Australia’s Mental Health Financial Safety Net

Australia’s Mental Health Financial Safety Net

Azuria Partners, 27th March 2026 - 7-minute read.

Azuria Partners have summarised the following reports into a brief article, hoping to prompt discussion into the current situation of mental ill-health claims for total and permanent disability (TPD). Additionally, examining the life insurance sector’s role in the financial safety net for mental health support.
  • Actuaries Institute – The Mental Health Financial Safety Net (2025)
  • KPMG – Australia’s Mental Health Check Up (2024)
  • CALI – Annual Report (2025)
Australians are struggling with mental ill-health now more than ever, with the rise especially evident among young adults. The Australian Bureau of Statistics found in their most recent study that 42.9% of Australians have experienced a mental health condition in their lifetime and 38.8% of 16–24-year-olds had a 12-month mental disorder, compared to 21.5% for the total population1. The reasons behind this surge are extensive and somewhat subjective, yet just as important are the systems designed to support young Australians. In 2015, There was around $9 billion in annual funding to mental health programs, funded mostly by government initiatives, with private health insurance contributing roughly 5.2%. However, while rates of mental ill-health have grown sharply, funding sources have not kept pace2

Shifting Funding Dynamics

Over the last decade, total mental health funding has doubled to approximately $18.5 billion in 2024. Yet government spending has not grown proportionally. According to the Actuaries Institute, the insurance sector now contributes nearly $4 billion per year:

  • $2.2 billion from life insurance and income protection (up from $1.24 billion in 2019)
  • $0.9 billion from workers’ compensation
  • $650 million from private health insurance

This means the insurance sector now makes up a significant 20.04% (11.76% from life insurance) of Australia’s mental health financial safety net.

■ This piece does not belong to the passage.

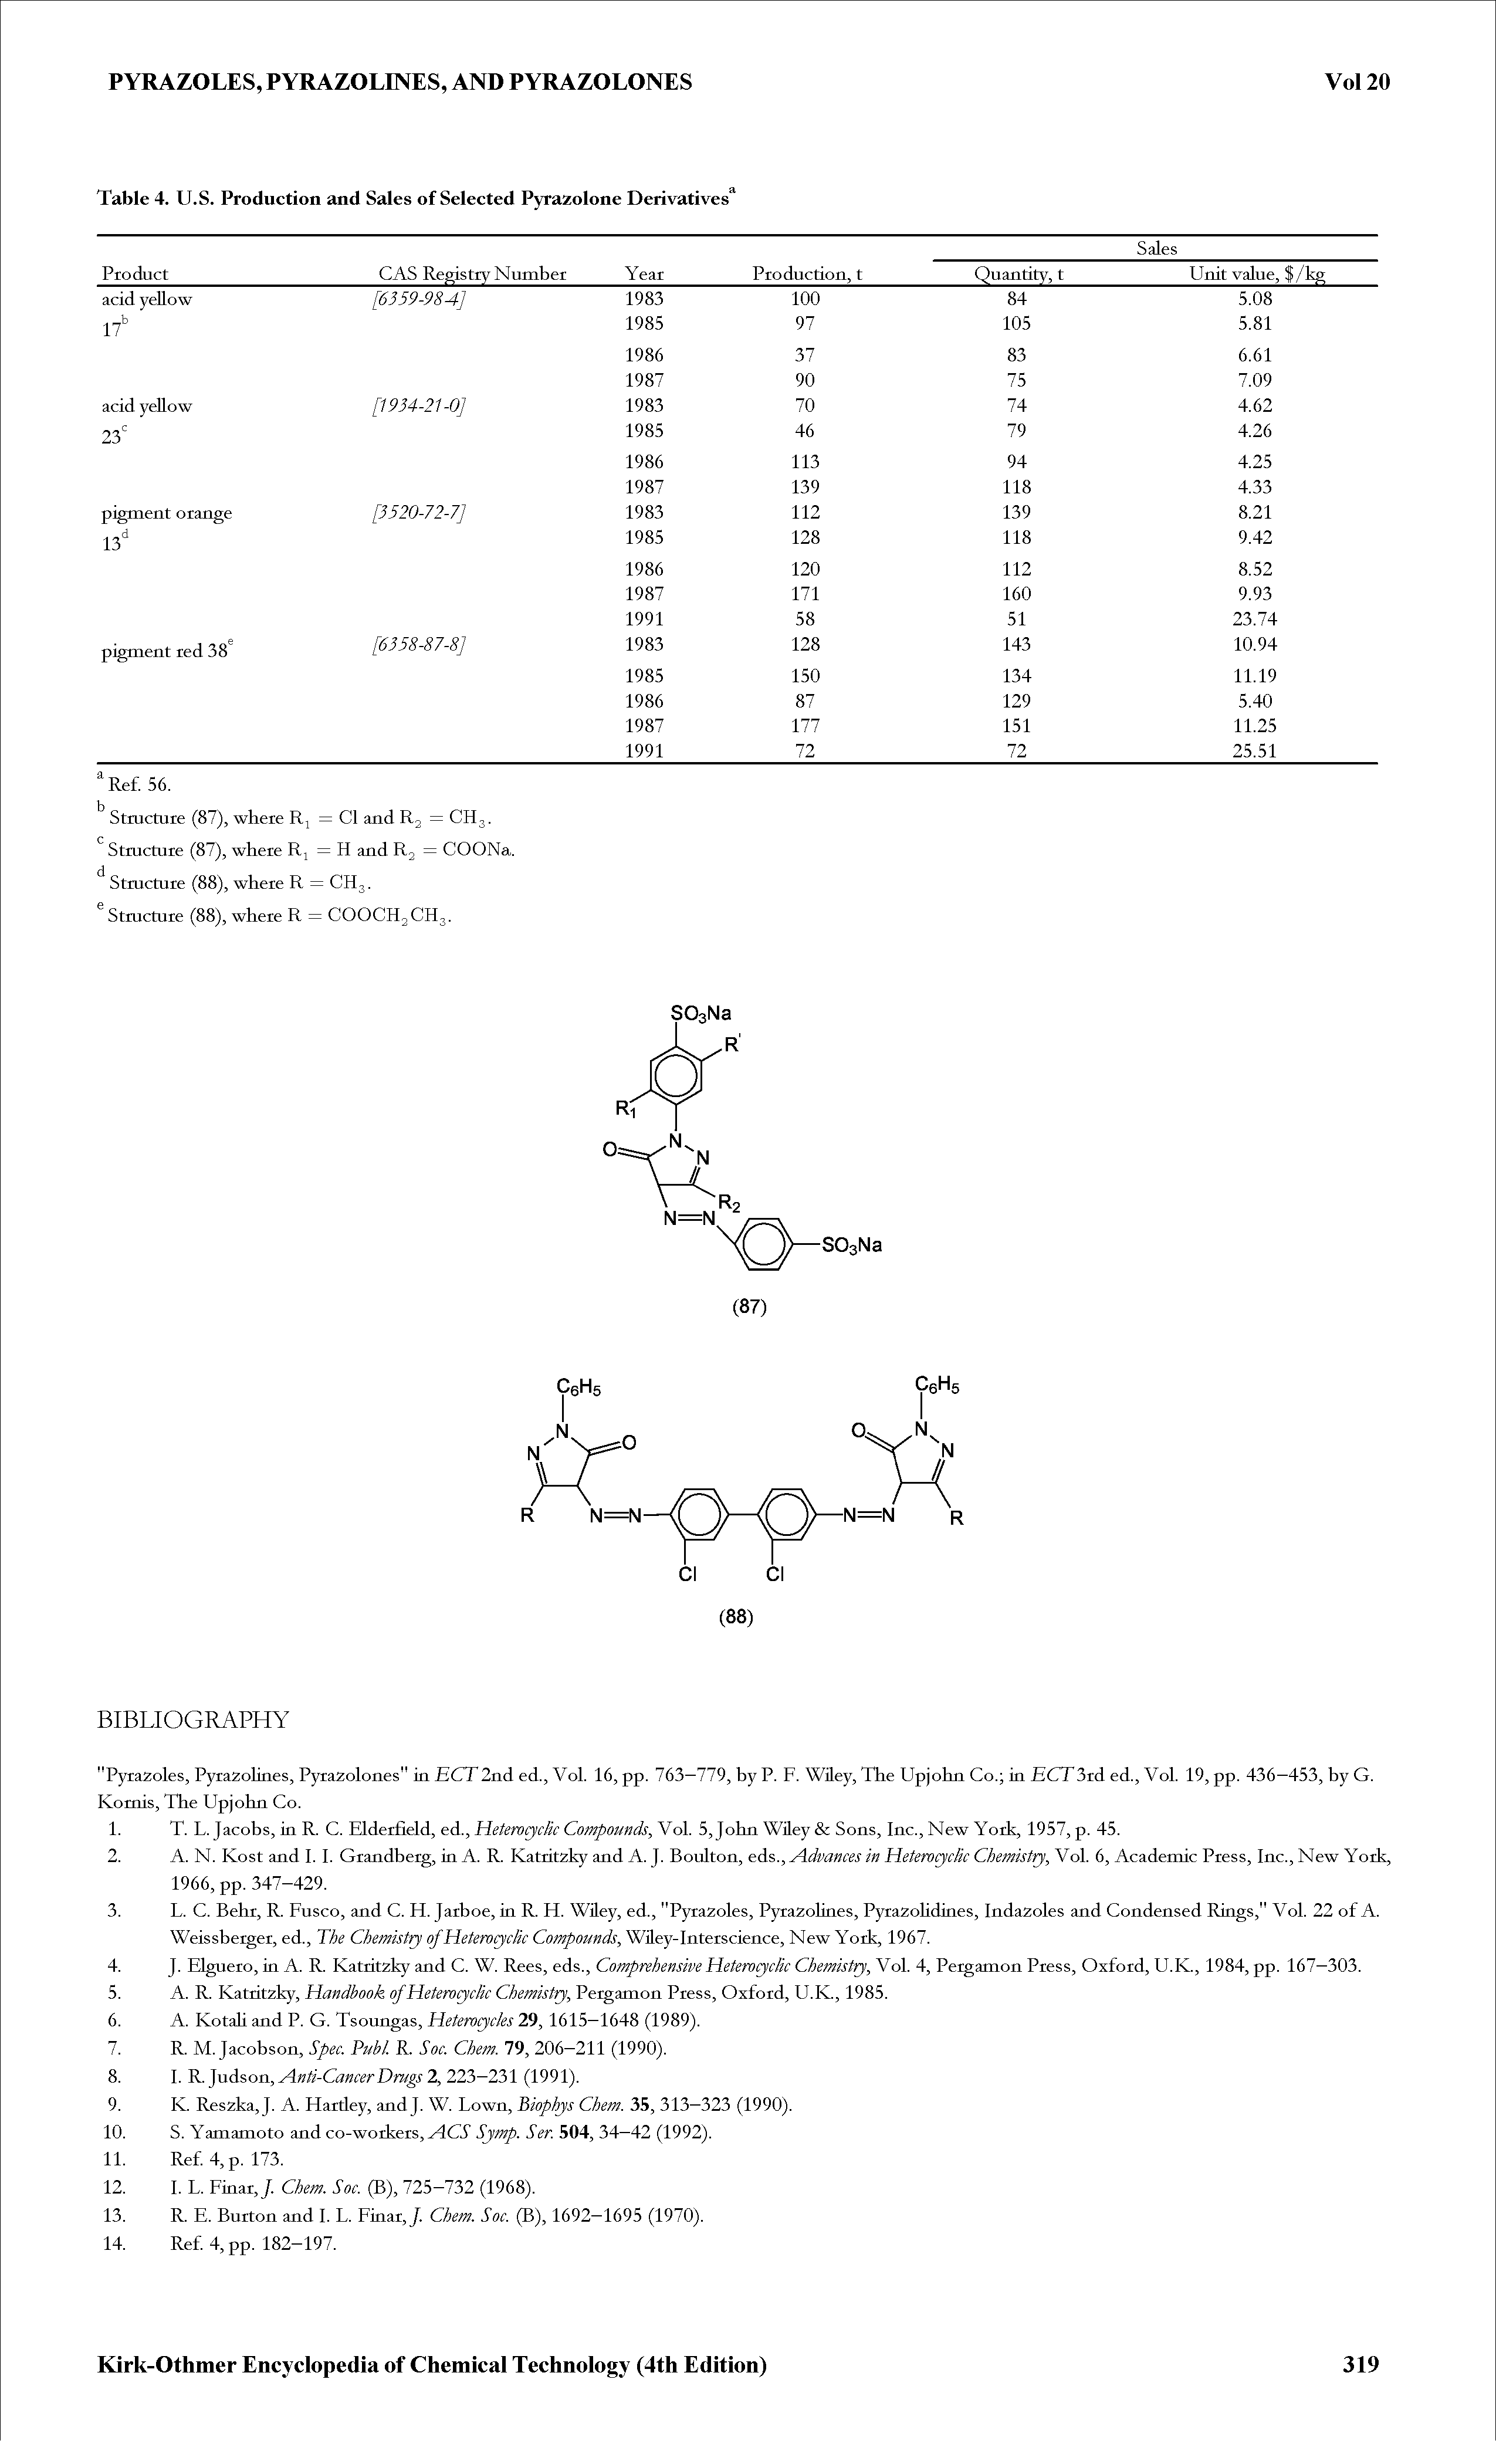 Table 4. U.S. Production and Sales of Selected Pyrazolone Derivatives ...

2024 Mental Health Annual Funding

A Growing Strain on the System

The changing dynamics of TPD and personal injury (PI) claims over the past decade are dramatic. The CALI and KPMG report “Australia’s Mental Health Check-Up” found a staggering 732% increase in TPD claims among Australians in their 30s over the past ten years. The report also found that over the last decade the mental health claims for TPD have risen at an average of 8.8% per annum compared to a 0.6% average for all other claim types. Overall, mental health claims accounted for 79.6% of the increase in permanent disability claims. The impact of this is a $169.2M (433.3%) increase in mental health permanent disability claim payouts between 2014 and 2022 and a $226.0M (129.0%) increase in mental health temporary disability claims5. “Australia’s mental health safety net is being challenged significantly, and its long-term viability is at risk,” says lead author and Actuaries Institute member Cindy Lau. “Rising demand is exposing structural weaknesses across the system – from inconsistent access and affordability to duplication, regulatory misalignment, and unmet need. The financial safety net is uneven, with a growing risk that people experiencing mental illhealth will fall through it.” Despite the substantial investment from the insurance sector, significant gaps remain. The Actuaries Institute notes that Australians still paid $1.4 billion out of pocket for mental health services; from psychologists and allied health professionals to GPs and psychiatrists, in the year to June 2025. This underscores that even with an expanded safety net, affordability and access remain out of reach for many4.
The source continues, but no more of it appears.